- **Dataset excerpt**
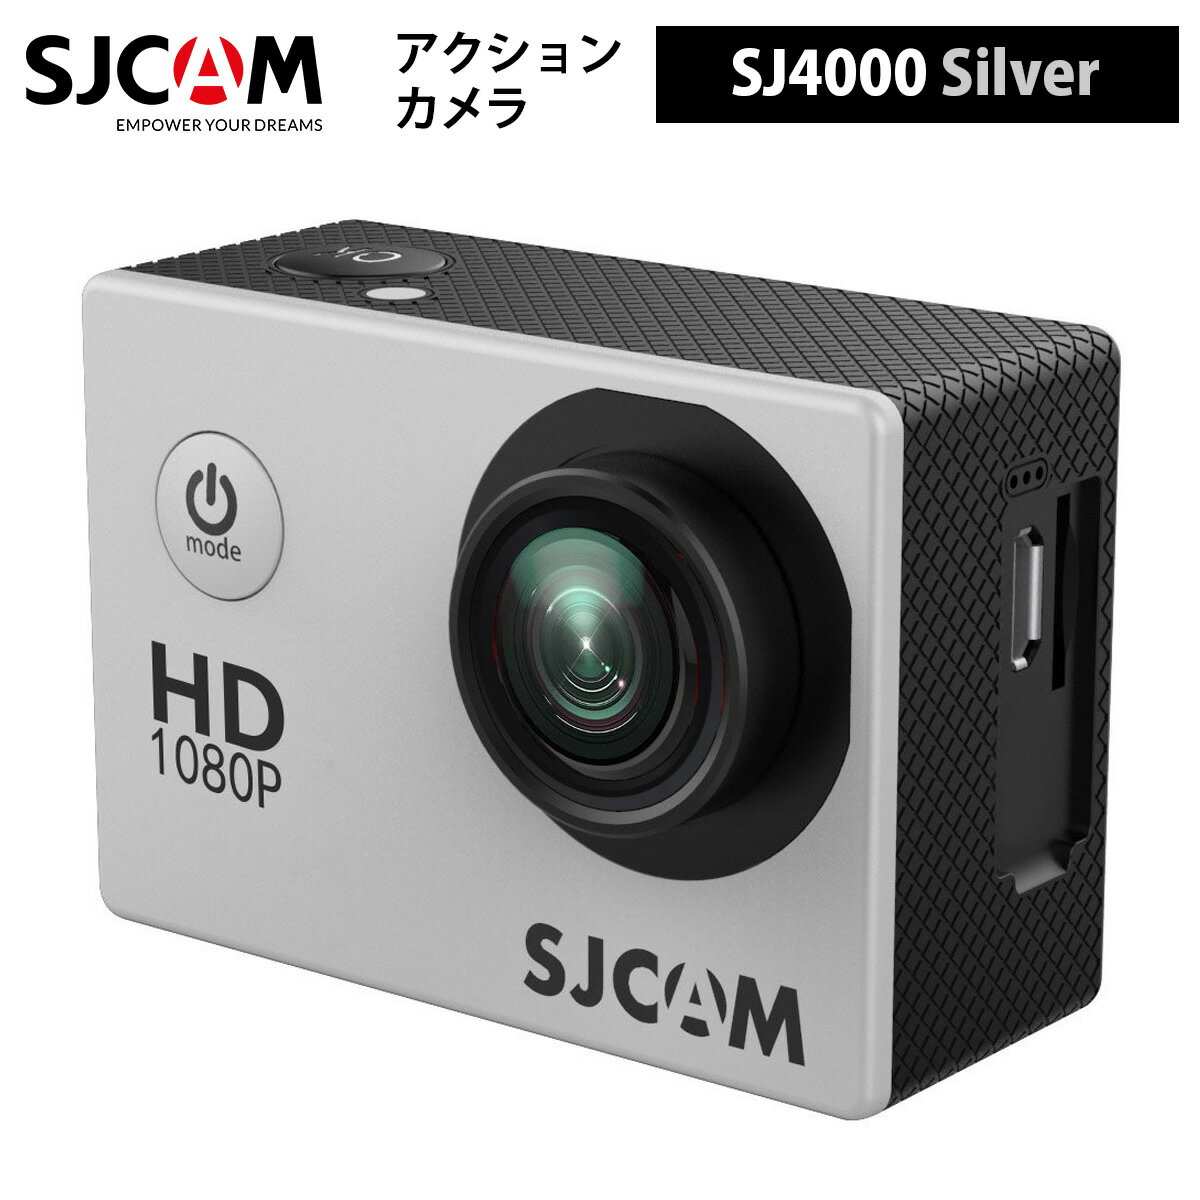 SJCAM 【正規輸入品】 アクションカメラ SJ4000（色：シルバー）4MPセンサー 170°ワイド視野角 21.5インチLCD 防水ケース付属 水中撮影 カラーバリエーション ポケットサイズ 軽量 12メガピクセルセンサー 1080Pビデオ記録 1920×1080 フルHD解像度
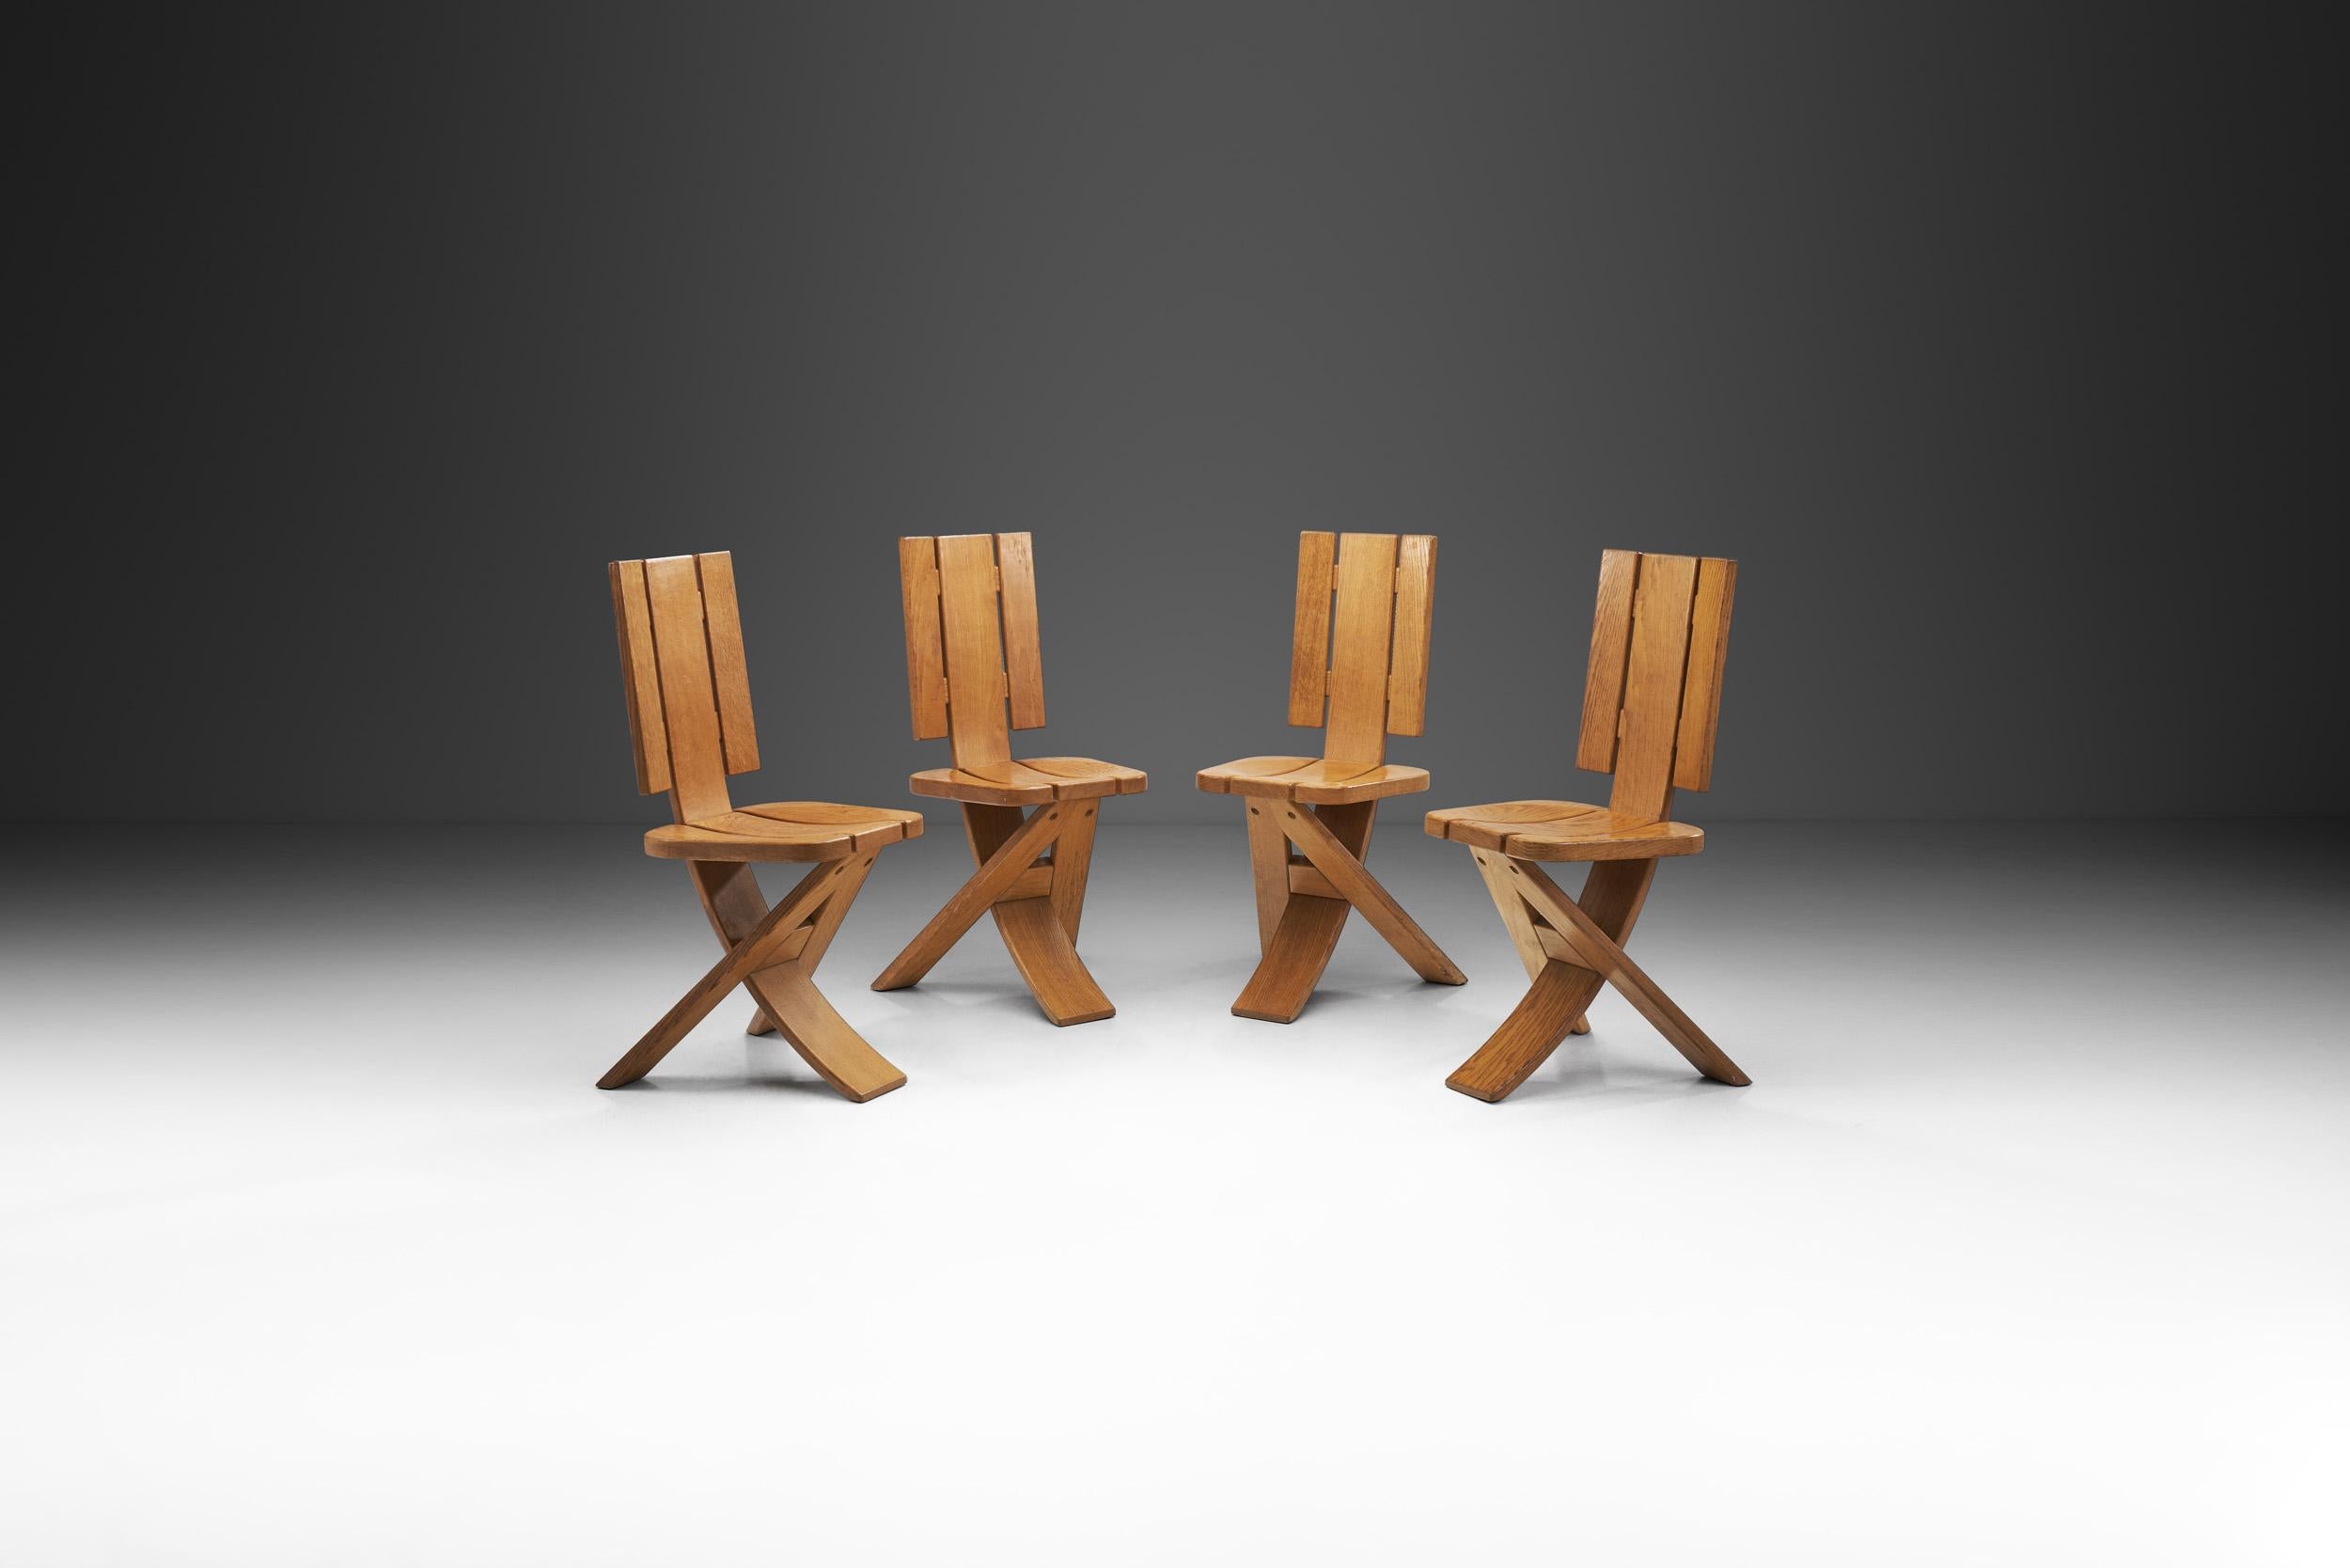 Cet ensemble de quatre chaises françaises s'inscrit dans le style Arts & Crafts, préservant et mettant en valeur les qualités naturelles du matériau utilisé pour sa fabrication. Les courbes sont légères et peu fréquentes, l'accent étant mis sur la
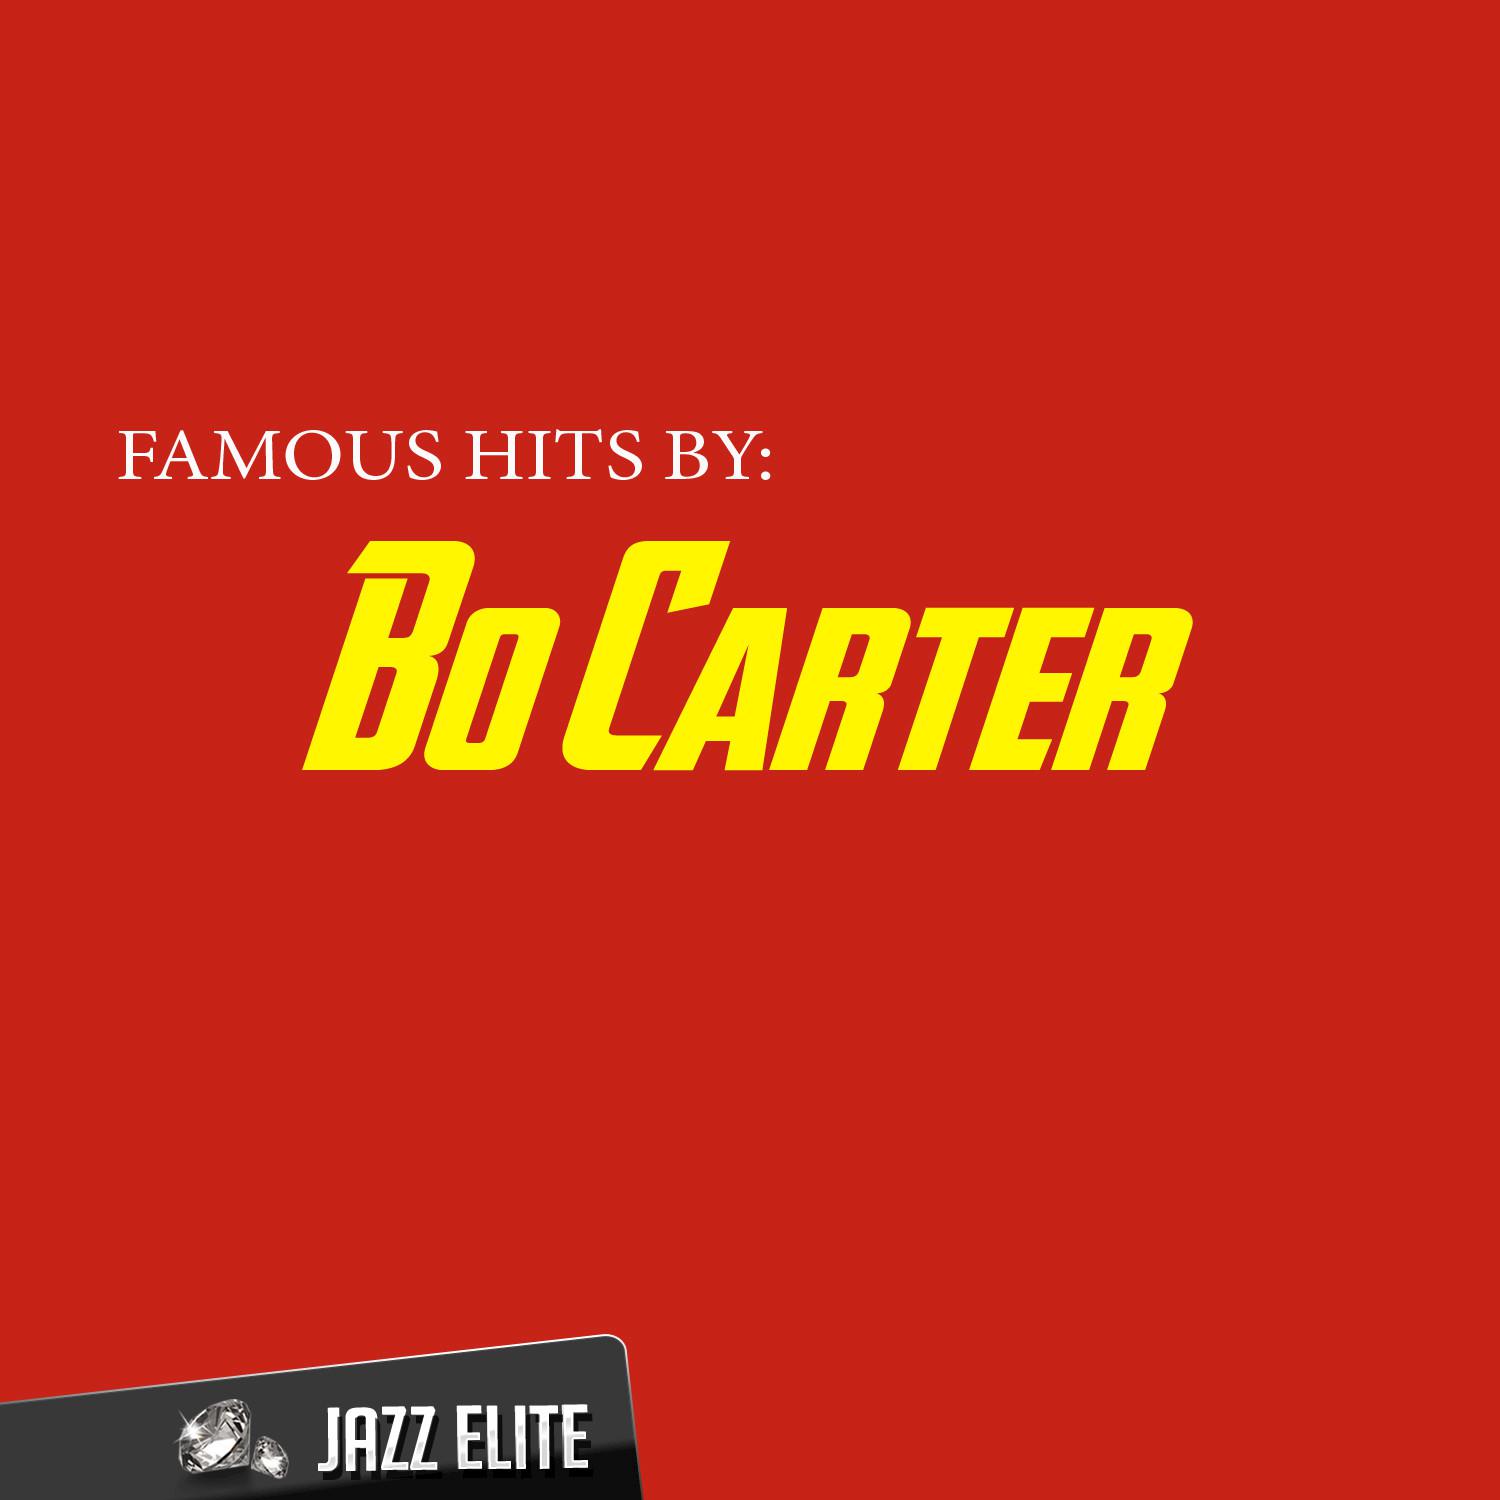 Bo Carter Special
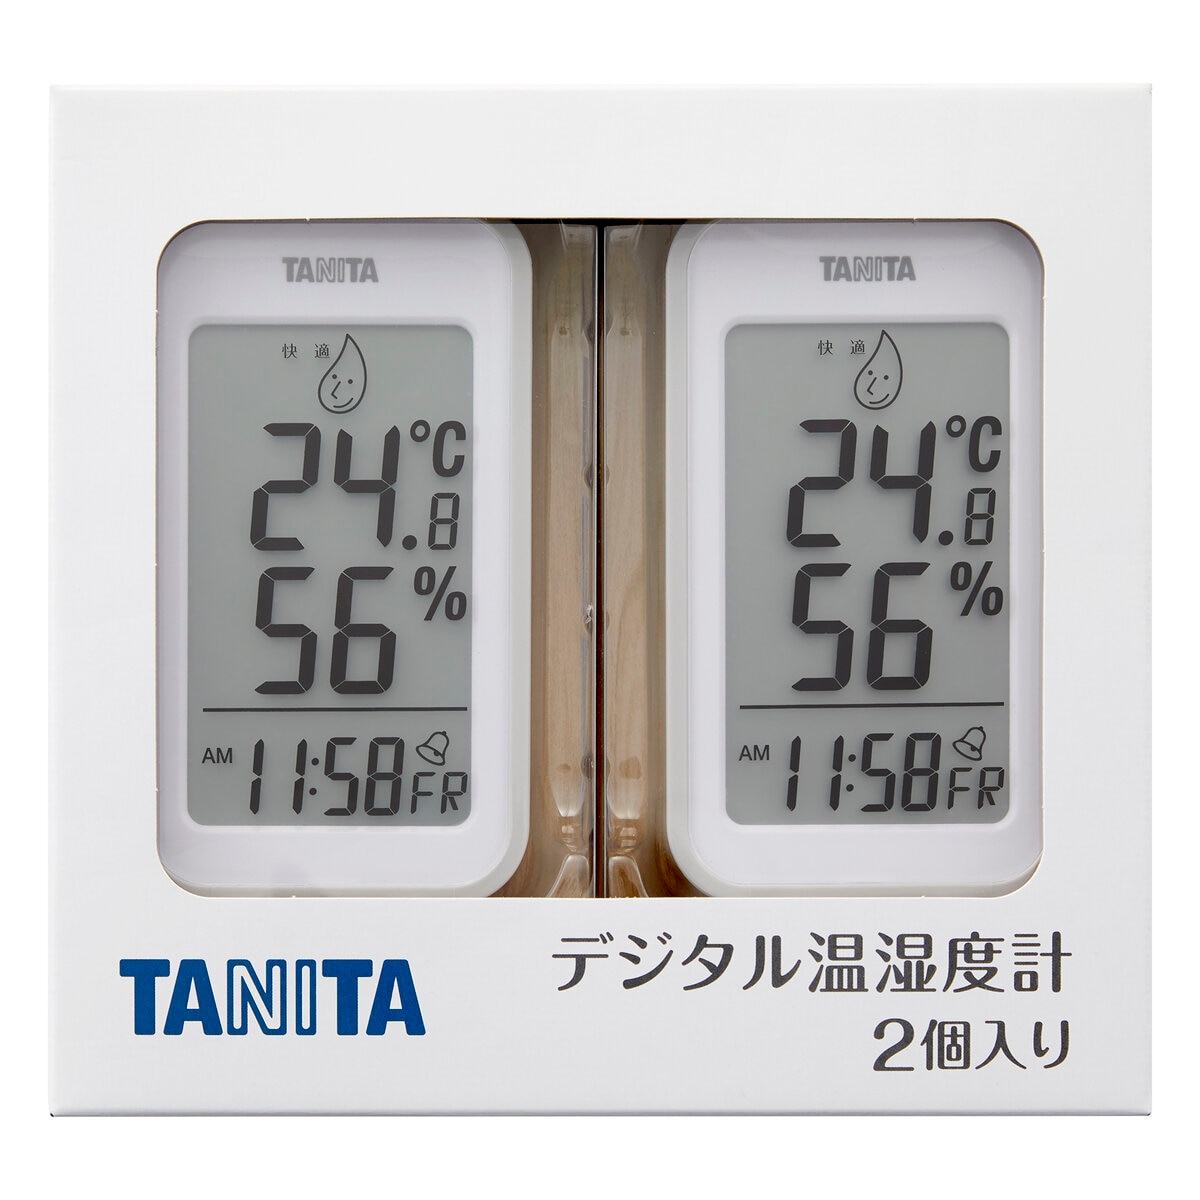 タニタ 温湿度計 TT-559G 2個組 - グレー

- **Exercise objective**
The expected output is the full data above, reproduced exactly with no images.

- **Solution**
 SJCAM 【正規輸入品】 アクションカメラ SJ4000（色：シルバー）4MPセンサー 170°ワイド視野角 21.5インチLCD 防水ケース付属 水中撮影 カラーバリエーション ポケットサイズ 軽量 12メガピクセルセンサー 1080Pビデオ記録 1920×1080 フルHD解像度
 Cet ensemble de quatre chaises françaises s'inscrit dans le style Arts & Crafts, préservant et mettant en valeur les qualités naturelles du matériau utilisé pour sa fabrication. Les courbes sont légères et peu fréquentes, l'accent étant mis sur la
 Bo Carter Special
 タニタ 温湿度計 TT-559G 2個組 - グレー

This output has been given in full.